City themselves had certainly saved their best performance for the last of the three consecutive home games. It was a battling effort, right from the start, when Lewis Hogg leapt in on Kiddy’s Lee Vaughan with an excellent crunching tackle. Vaughan yelled and stayed on the ground. Probably dead. The referee, a Mr. Wigglesworth (not to be confused with the cat from Austin Powers), booked Hogg. This is getting ridiculous now. Football is a contact sport and if challenges like Hogg’s are to be outlawed, we may as well all go home now and play chess.

Kidderminster entered the half time interval 1-0 up thanks to a goal from Jack Byrne. Judging by the reaction of some home fans, the goal may have had a touch of offside about it, but in all honesty from where I was stood I could not tell.

Photo taken during the Hayes game. Thankfully, for the safety of mankind, the cone was still there yesterday.

In the second half, 1-0 became 2-0. A truly fantastic goal from Byrne. It was the kind of strike that if seen on Match of the Day, would be accompanied by the exasperating uproar of John Motson yelling “Drogbaaaaaaaaaaaaaaaaaaaaaaaaaaaarrrrrrr!” before retreating to change his underwear.
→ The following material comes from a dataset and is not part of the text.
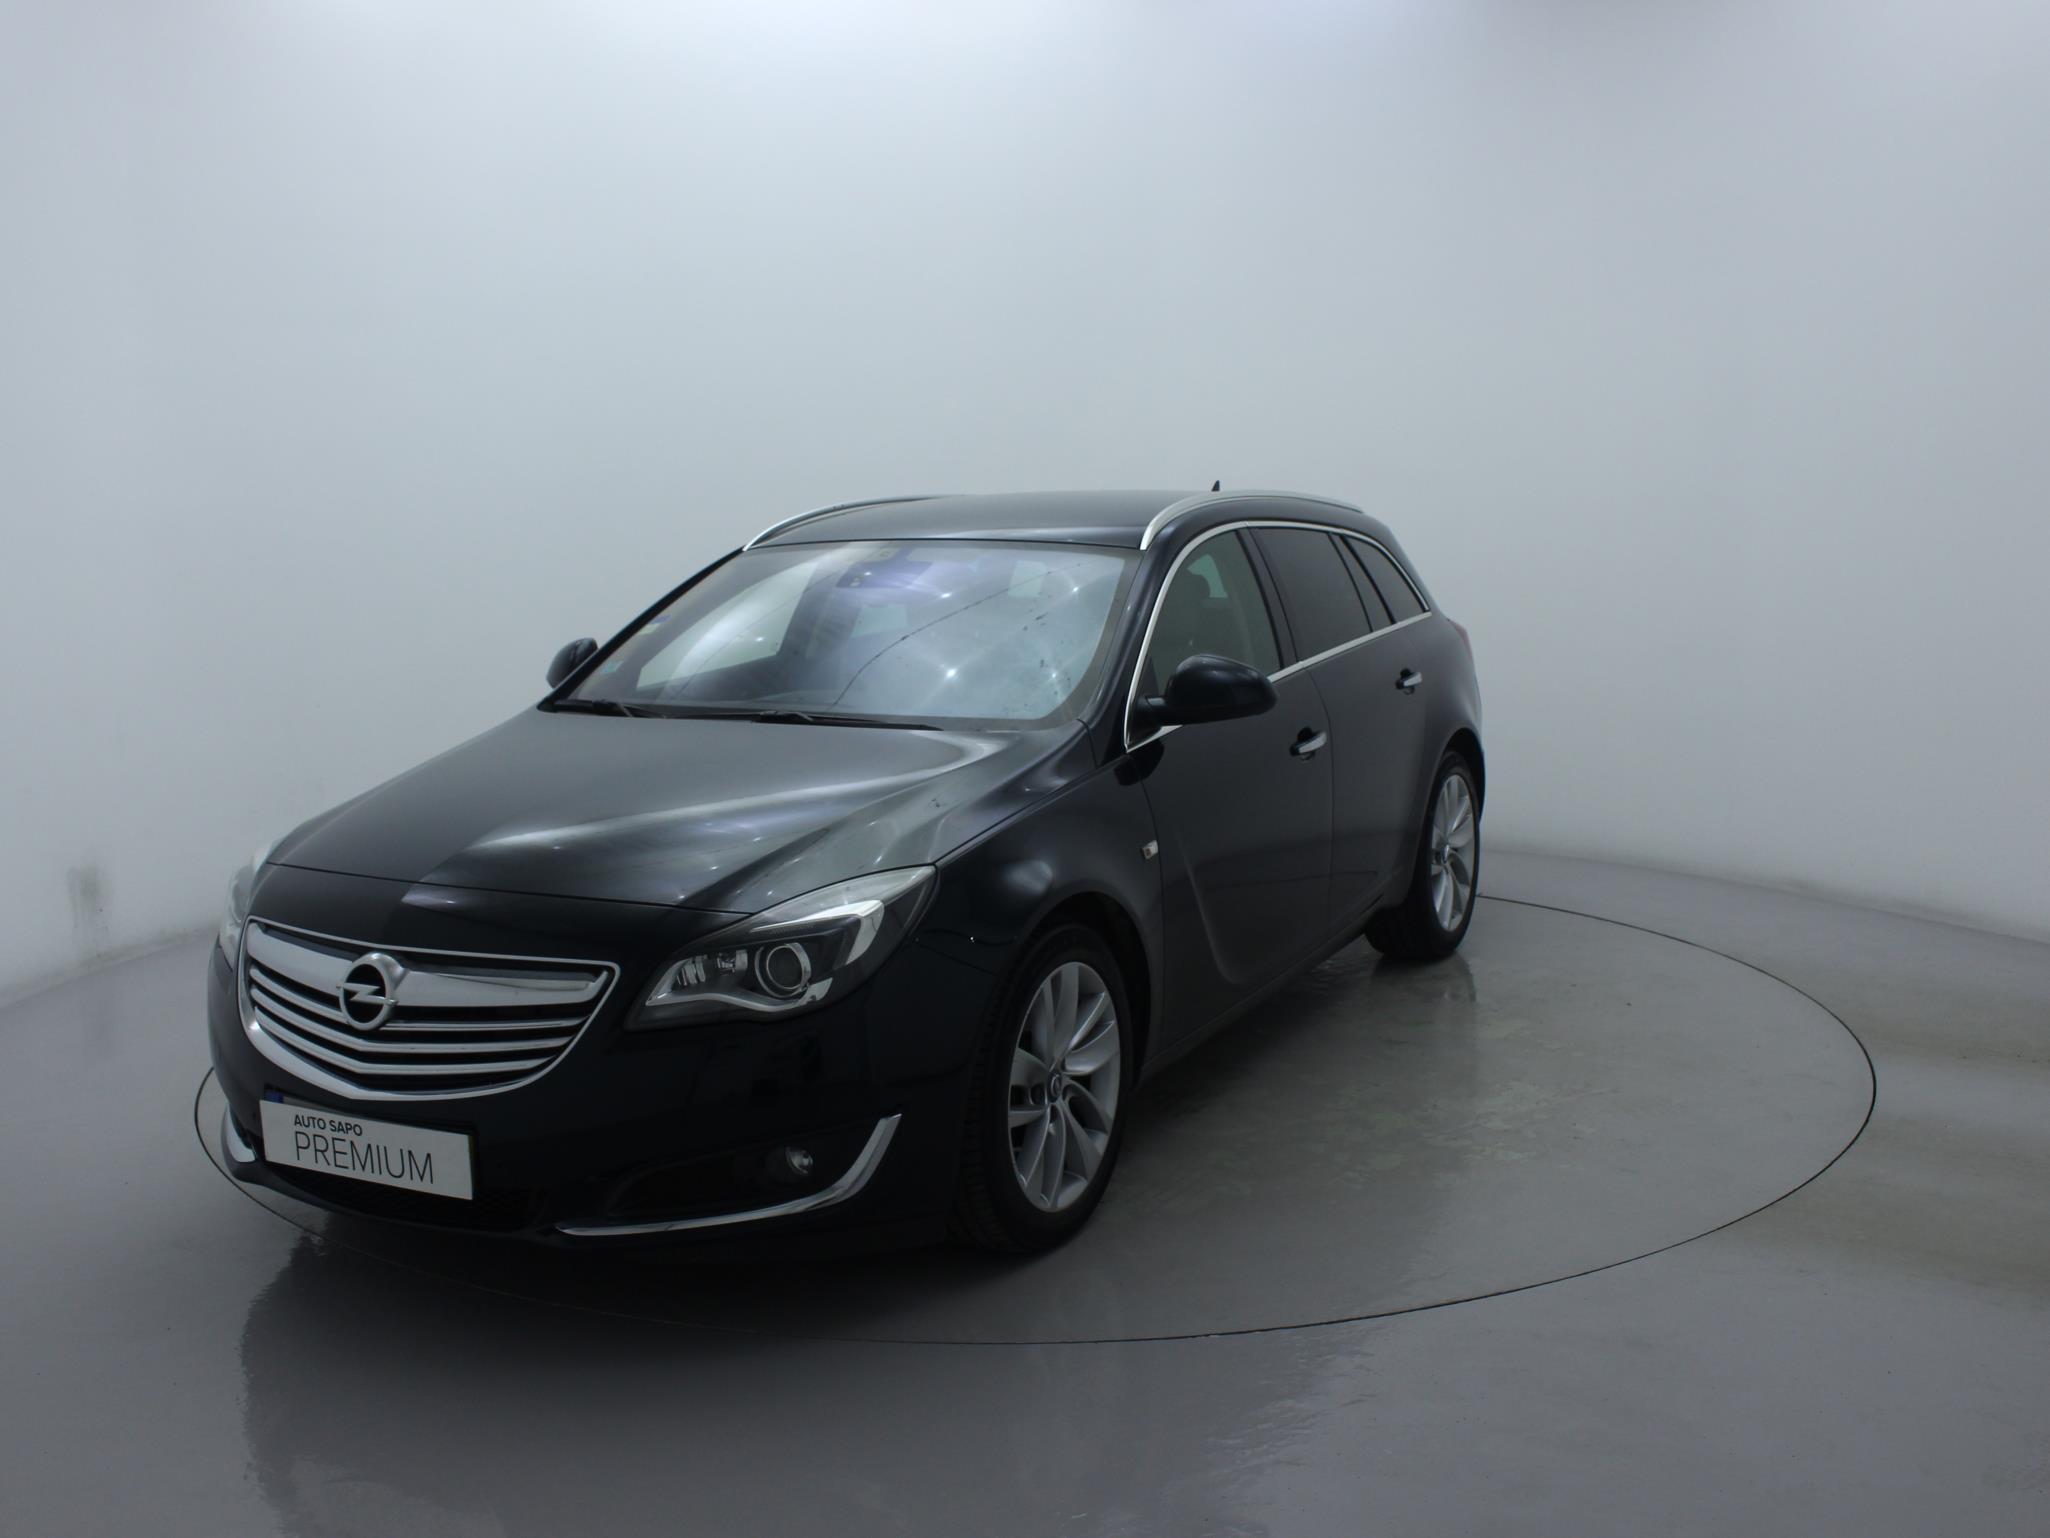 Opel Insignia 2.0 CDTi Cosmos S/S

Good goal, Byrney – although you did milk that celebration a bit too much.

City continued to fight. Hogg flying in with another challenge. This time it was mistimed and he was lucky to avoid receiving a second yellow. Mr. Bigglesworth clearly realising his earlier error, so letting Hoggy off with a telling off. Hogg was immediately substituted and told to sit in the naughty corner.

Hilarity followed when the linesman became injured and had to be substituted by the fourth official. Besides an animal running onto the pitch and interrupting a game, an official becoming injured is probably the funniest thing that can happen during a football match.

As the game drew to a close, handbags came out and there was a scuffle on the pitch. All football fans love to see the players have a fight. Some fans will deny this. Those fans are liars. City’s Marley Watkins got booked, although those lucky enough to receive front row seats to the event were surprised that Marley was not sent off.

Sean Canham pulled a goal back for City in the 88th minute, which set up an exciting finale. It wasn’t to be though and we would go back empty handed yet again. There is always next week. A trip to Luton Town.

Hopefully the visit to Kenilworth Road will give me the opportunity to blog more on what I know you all love and read this blog for – service stations, the state of the toilets, humorous notices pinned to walls and funny mascots. I am sorry if recent blogs have concentrated a little too much on football. Who would have thought that from a football blog.

Up the City.

Posted by sean on 19/02/2012 at 7:33 pm in Bath City with 1 Comment


Bath City 2-3 Ebbsfleet United
Conference National
Saturday 18th February 2012 – 15:00

Since Bath City’s last home game, the club have been in the national news yet again. This time it wasn’t for inviting the Polish community to use the club shop for their countries embassy. Nor was it a scandal over a match referee stealing the underpants of the entire youth team.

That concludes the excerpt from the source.